Task goal: Give the data again word for word; drop the pictures.

##### Dataset section

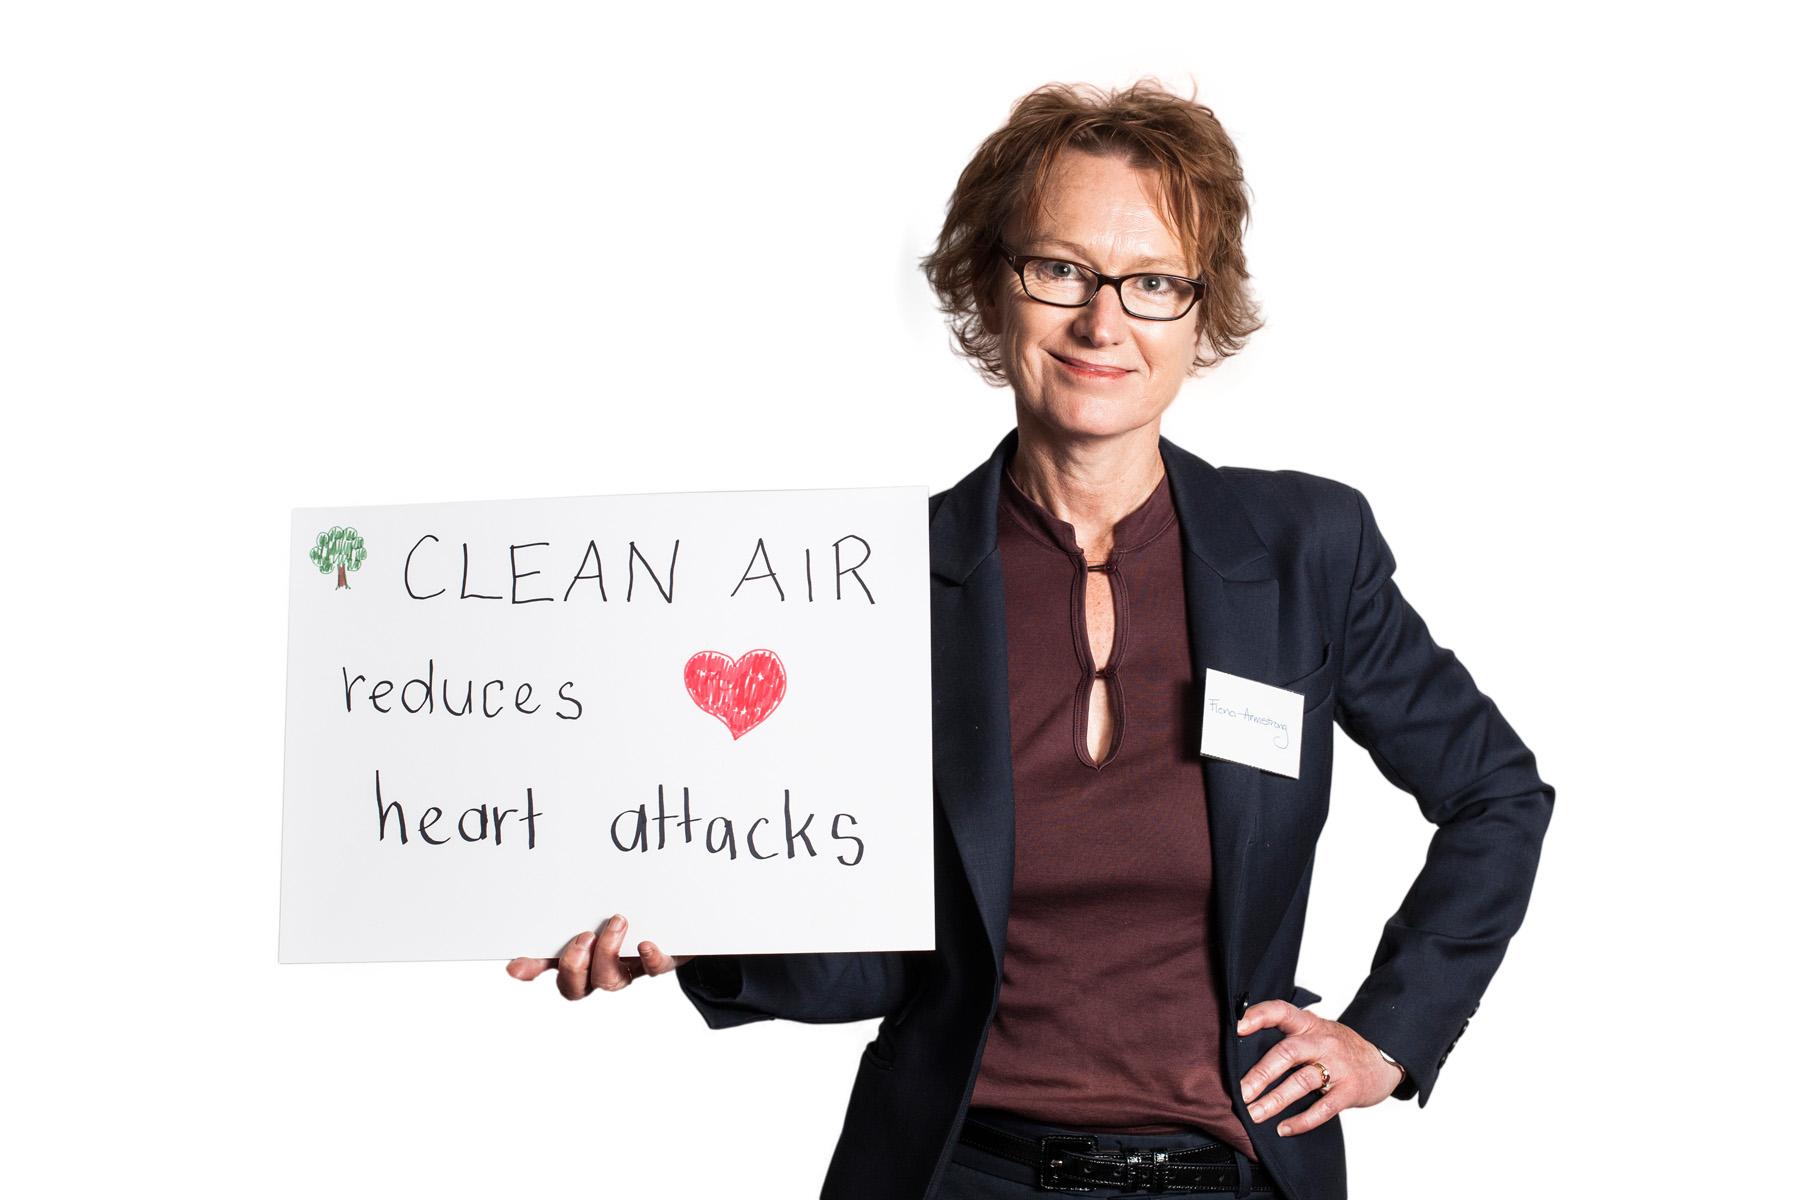 clean_air_reduces_heart_attacks.jpg
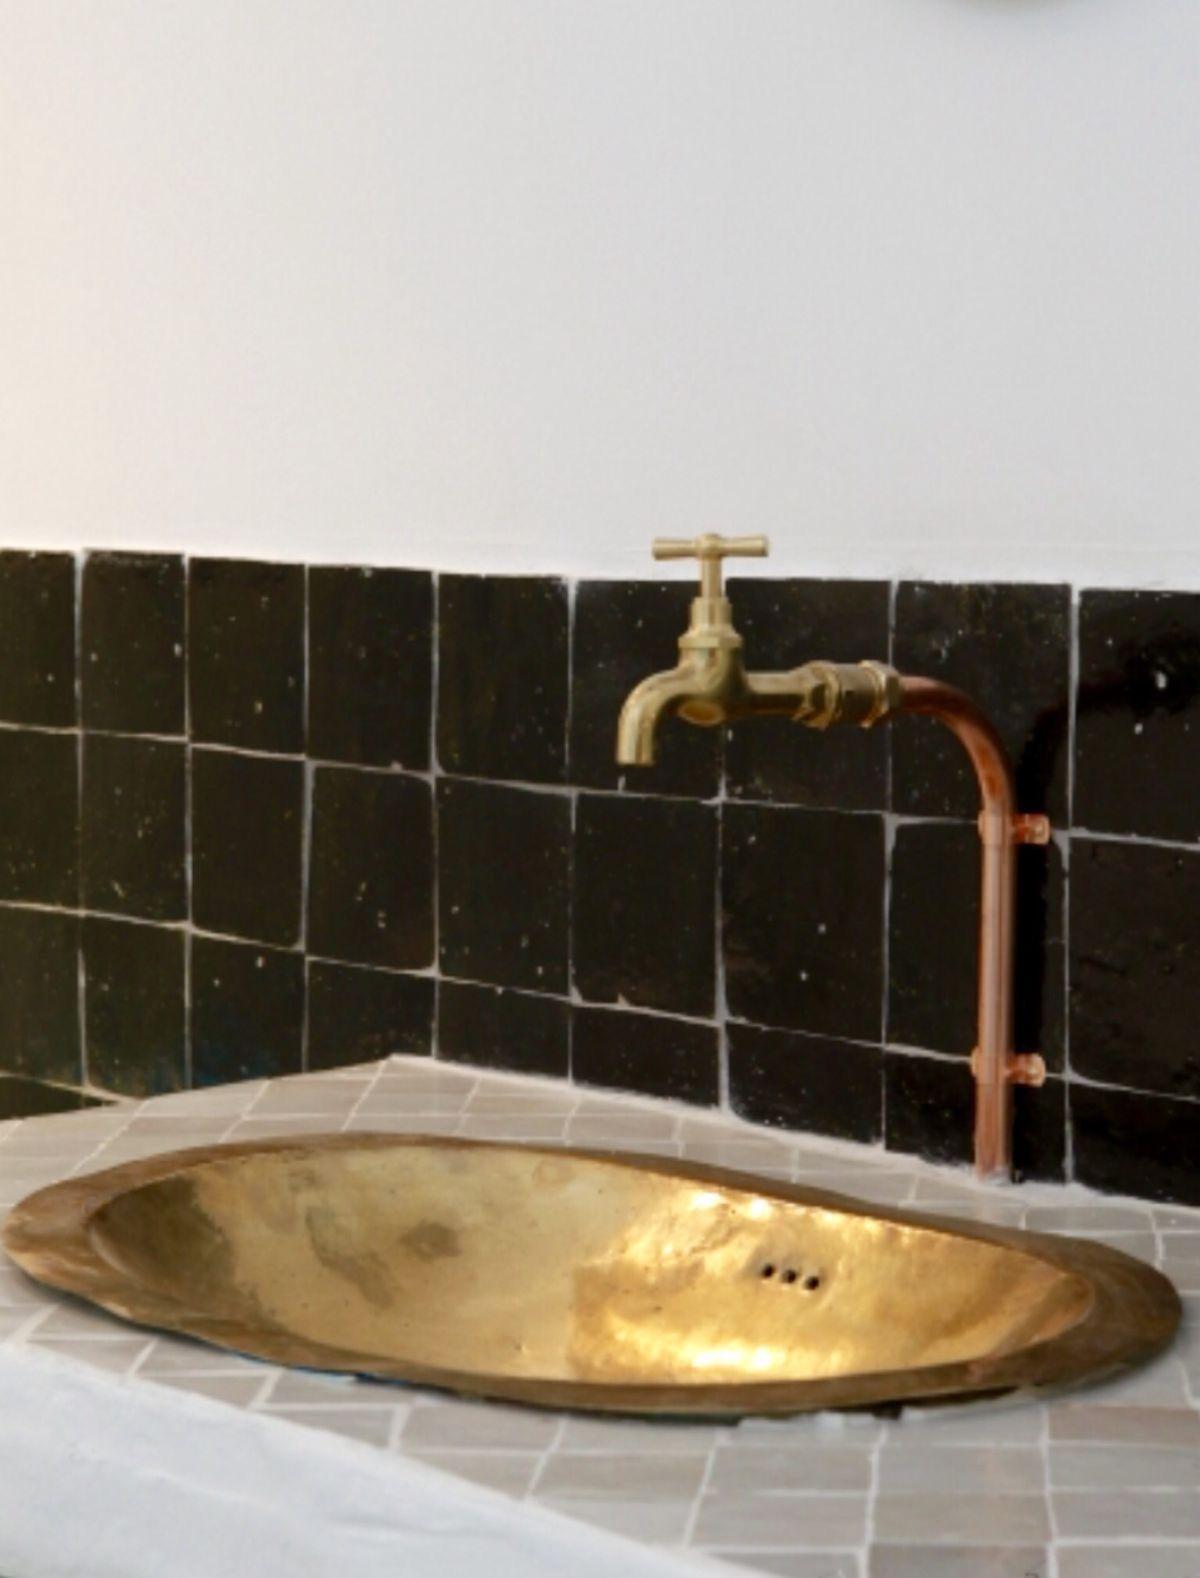 zellige tile detail as bathroom backslash | Brass sink ...
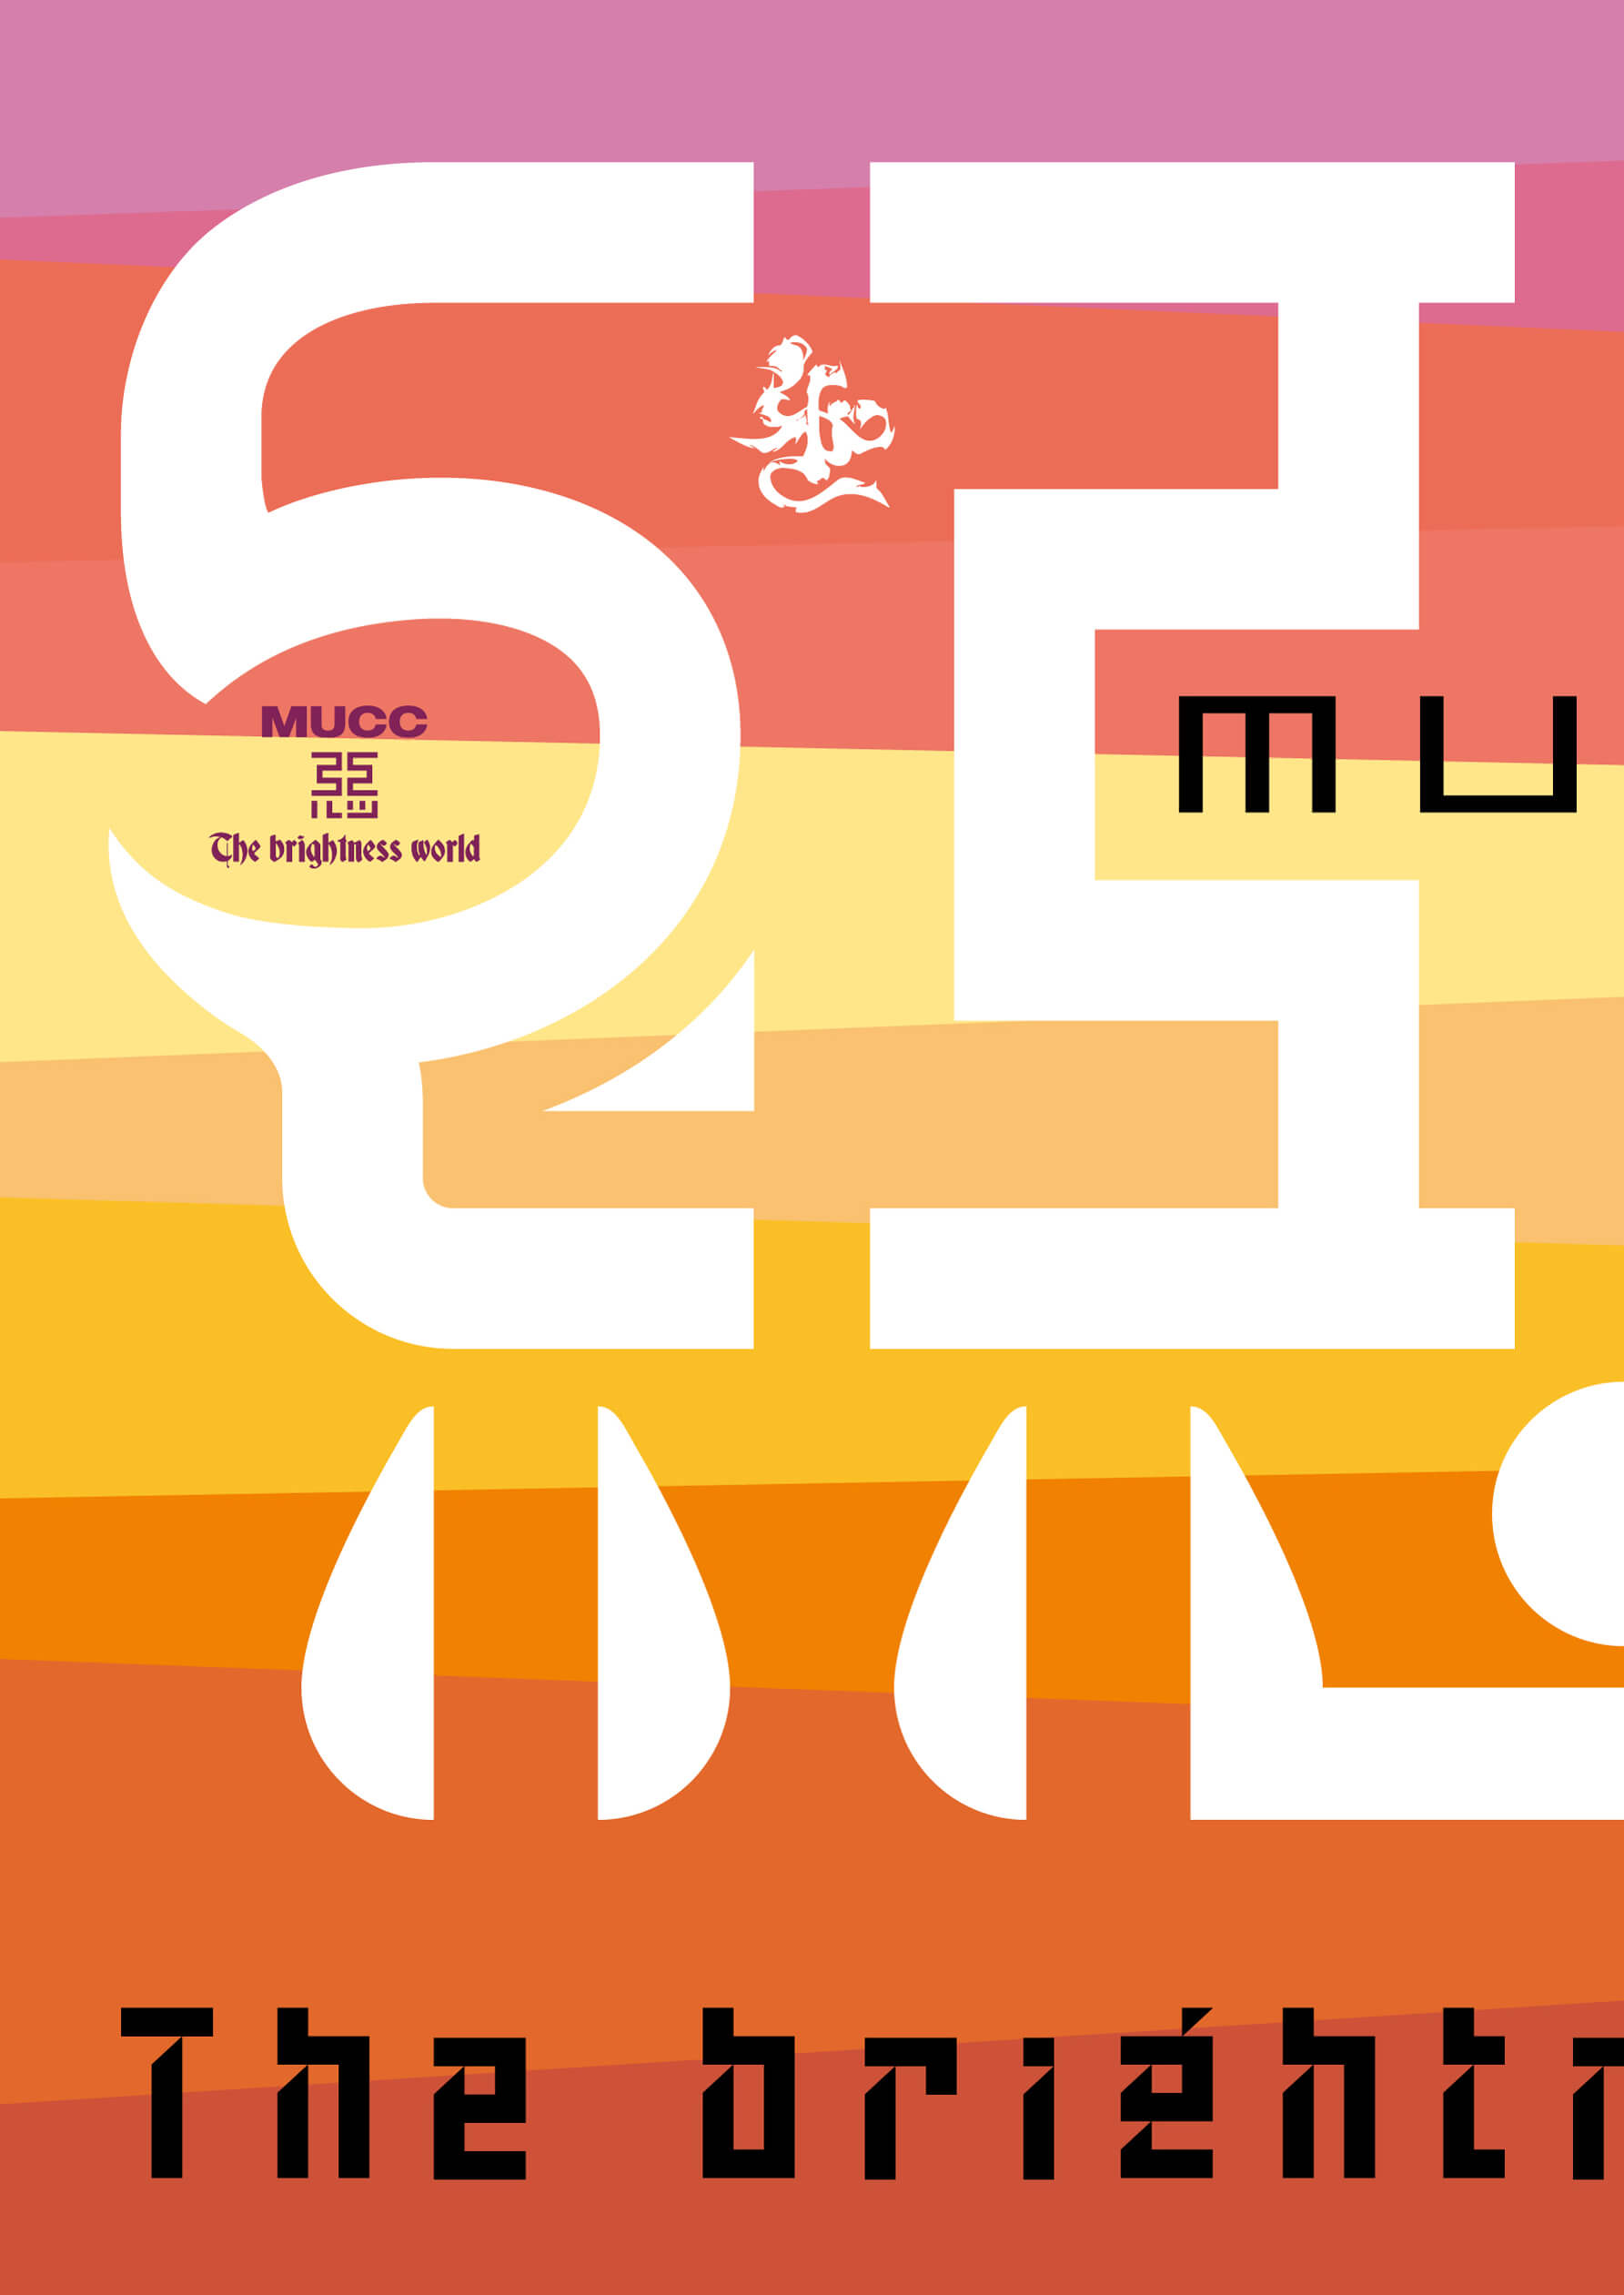 6/9(火)発売 MUCC/惡-The brightness world 通常盤 (Blu-ray)【anysee.jp限定特典 プリントチェキ4種中1種ランダム】

##########

Response to this exercise:
 clean_air_reduces_heart_attacks.jpg
 zellige tile detail as bathroom backslash | Brass sink ...
 6/9(火)発売 MUCC/惡-The brightness world 通常盤 (Blu-ray)【anysee.jp限定特典 プリントチェキ4種中1種ランダム】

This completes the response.